Like I said to him when I suggested talking, we're just going round in circles. Me saying I saw it amd him saying it didn't exist. Only one of us is right. I saw something. I didn't imagine it. But he's denying there was any message at all.

I hope he's had time to think and decided to come clean about whatever it is.

He still told me he loves me last night and this morning.

OP posts:
momtoboys · 08/06/2022 16:46

So sorry you are going through this stress. Hope all goes well tonight.

Purplepeople12 · 08/06/2022 16:53

I REALLY hope you can find a way through this together, I hope with all my heart that he can do the right thing and at least admit there was a message. I can feel how hurt and upset you are and I am really keeping everything crossed for a positive outcome tonight.

Remeber you don't have to decide tonight, take time to do what's right for you. Sending lots of love and strength

OopsAnotherOne · 08/06/2022 16:54

Please just remember the old Judge Judy phrase "if something doesn't make sense, it's usually because it isn't true".

Stick to your guns, you know what you saw. You know exactly what you saw so don't let him tell you it was a pop up or an ad, or any other excuse he can come up with. If it's as much of a non-event as he's claiming it to be, he will be able to explain who Bethany is and what the message is for. Don't let him feed you lies, although you seem like you have your head screwed on well and will be able to recognise if he's lying to you or not.

Please stay strong, I am so sorry you are going through this but do not settle for a man who does not deserve you, as hard as it may be to face whichever truth reveals itself.

LilyMumsnet · 08/06/2022 16:58

SpottyDress · 08/06/2022 16:21

We had spoken about marriage but it wouldn't be anything like that.It's not the single word though. It's the deletion and the denial.Believe me, I'd love nothing more than for there to be a totally innocent explanation for it. But I feel I'd just be clutching at straws hoping for one.

Hi OP!

Can we check what you were trying to do here? Quote a poster? And what device and browser were you using? Just want to make sure there are no gremlins!

We don't want to derail so you can use the report button to reply.

Love,
MNHQ Flowers

SpottyDress · 08/06/2022 17:11

OopsAnotherOne · 08/06/2022 16:54

Please just remember the old Judge Judy phrase "if something doesn't make sense, it's usually because it isn't true".

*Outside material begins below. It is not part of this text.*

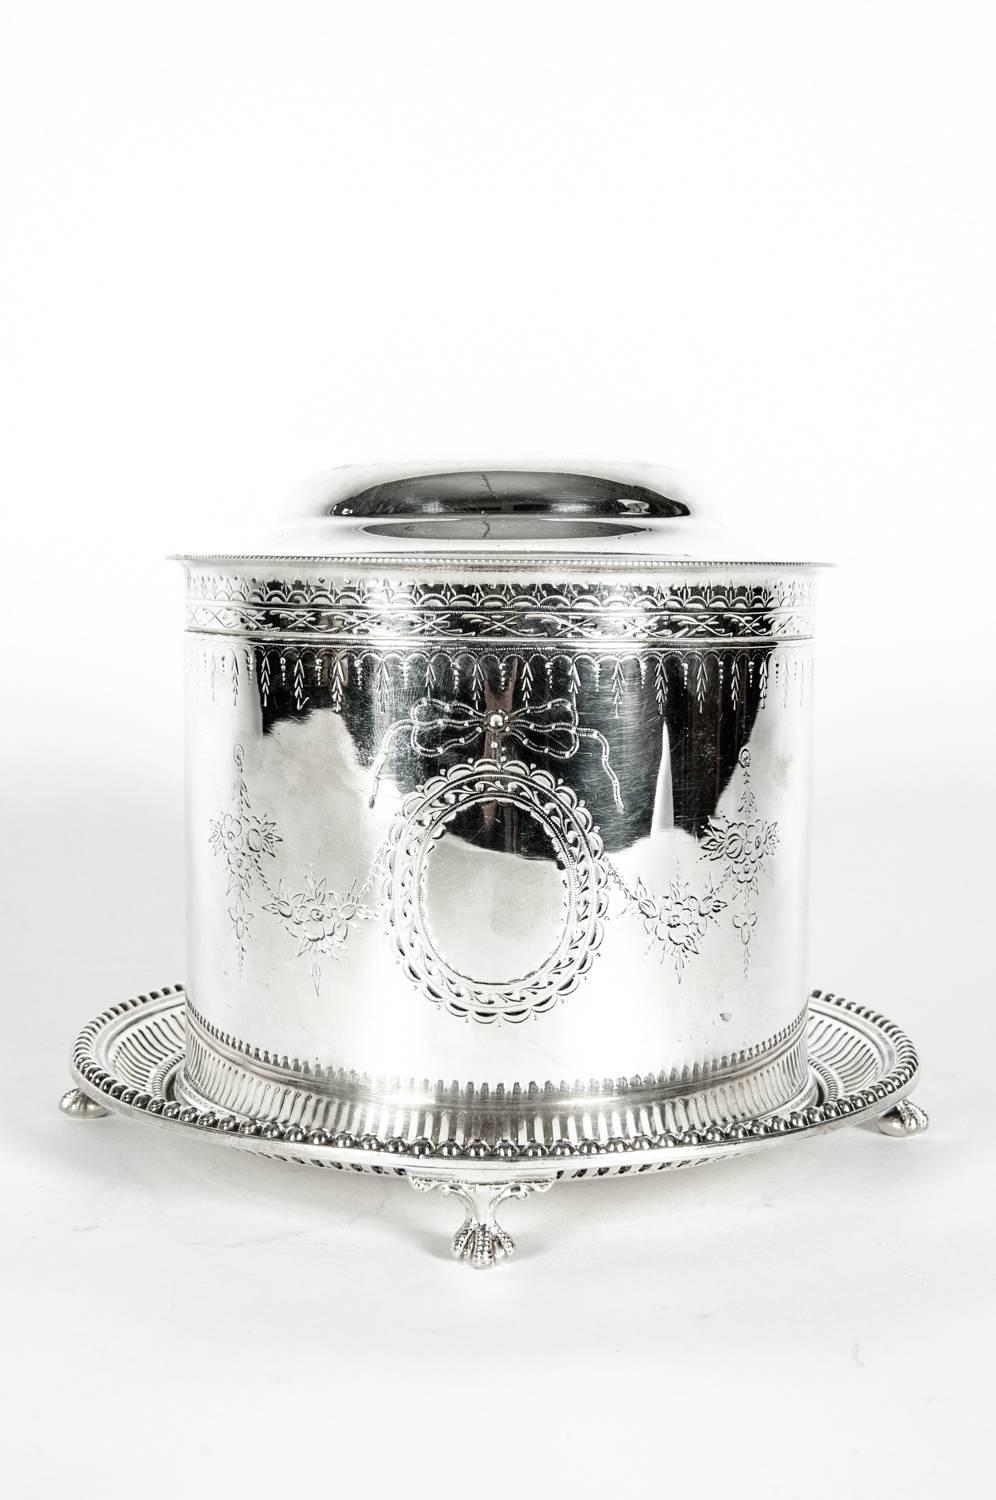 English Silver Plate Covered Biscuit Box / Tea Caddy 4
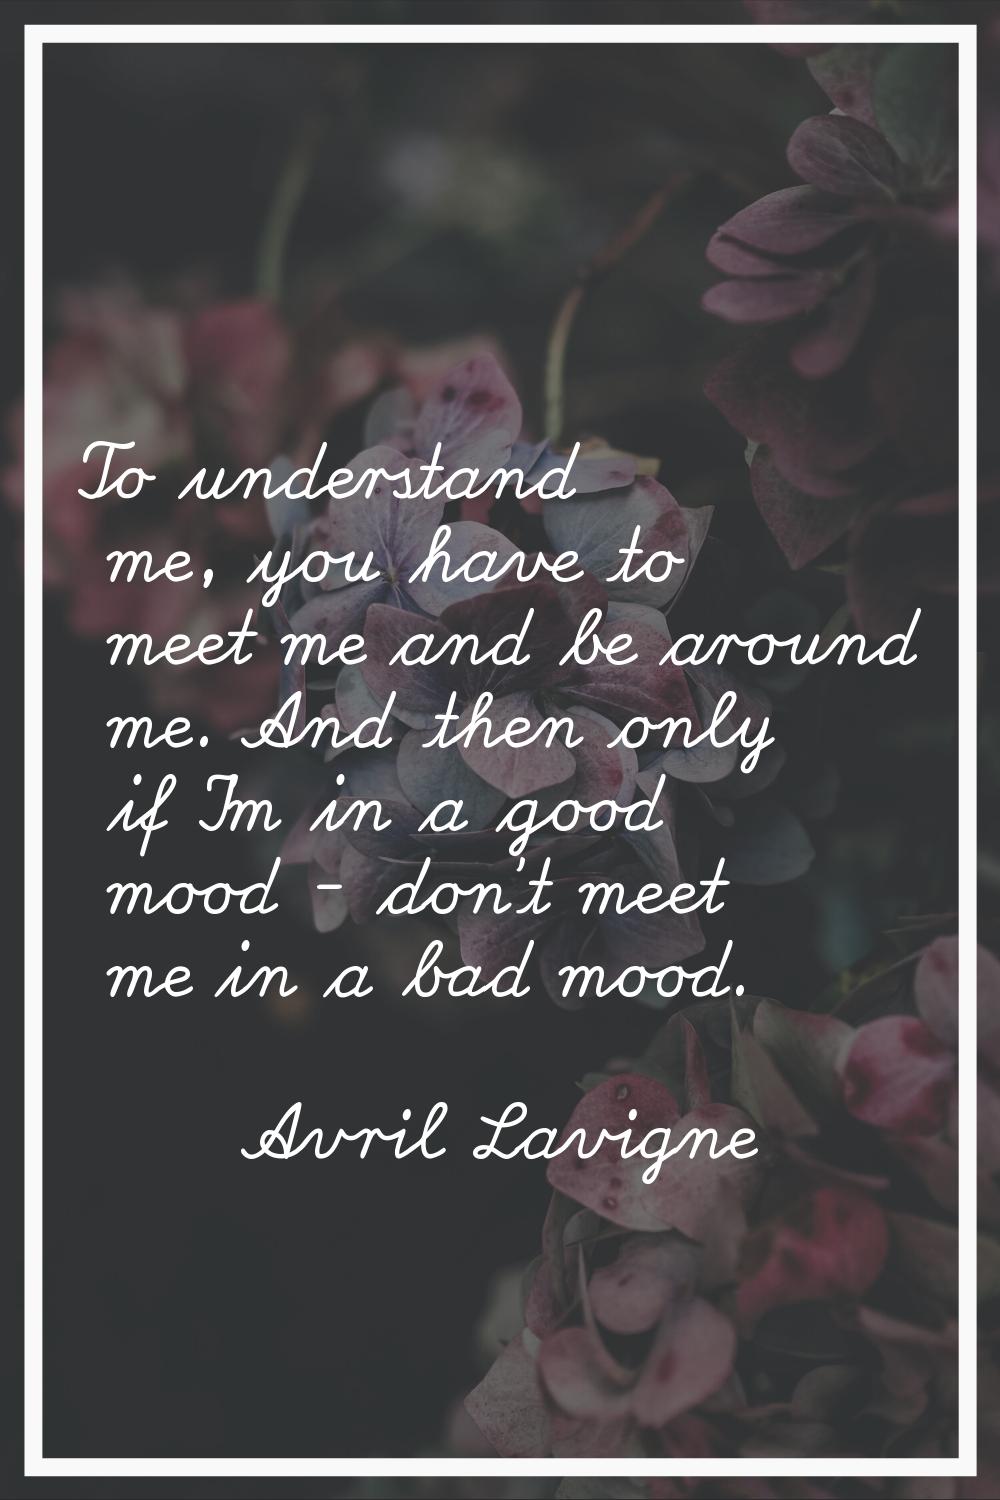 To understand me, you have to meet me and be around me. And then only if I'm in a good mood - don't

Stick to your guns, you know what you saw. You know exactly what you saw so don't let him tell you it was a pop up or an ad, or any other excuse he can come up with. If it's as much of a non-event as he's claiming it to be, he will be able to explain who Bethany is and what the message is for. Don't let him feed you lies, although you seem like you have your head screwed on well and will be able to recognise if he's lying to you or not.

Please stay strong, I am so sorry you are going through this but do not settle for a man who does not deserve you, as hard as it may be to face whichever truth reveals itself.

Thank you.

That's really helped. I will stay strong. I'm pretty resilient - I've had plenty of practice, sadly.

I just wish he hadn't been the one who hurt me the most.

His daughter asked me a couple of days earlier if I loved him and if he made me happy. He's made me the happiest I've ever been and I love him more than I could ever even begin to express.

At the moment I'm alternating between sadness and numbness.

OP posts:
Didimum · 08/06/2022 17:31

I have every sympathy for you, I really do. But I think you’re being naive about asking for/being offered his phone. It being a ‘relationship ending’ scenario is simply not applicable to modern relationships - technology is messy, so it’s best to be clear, simple and transparent, and that requires the transparency of devices. There are myriad reasons in this day and age why messages and emails, posts and DMs can be hazy, misconstrued and opaque. It’s the gesture of it that’s important in this scenario, rather than actually doing it.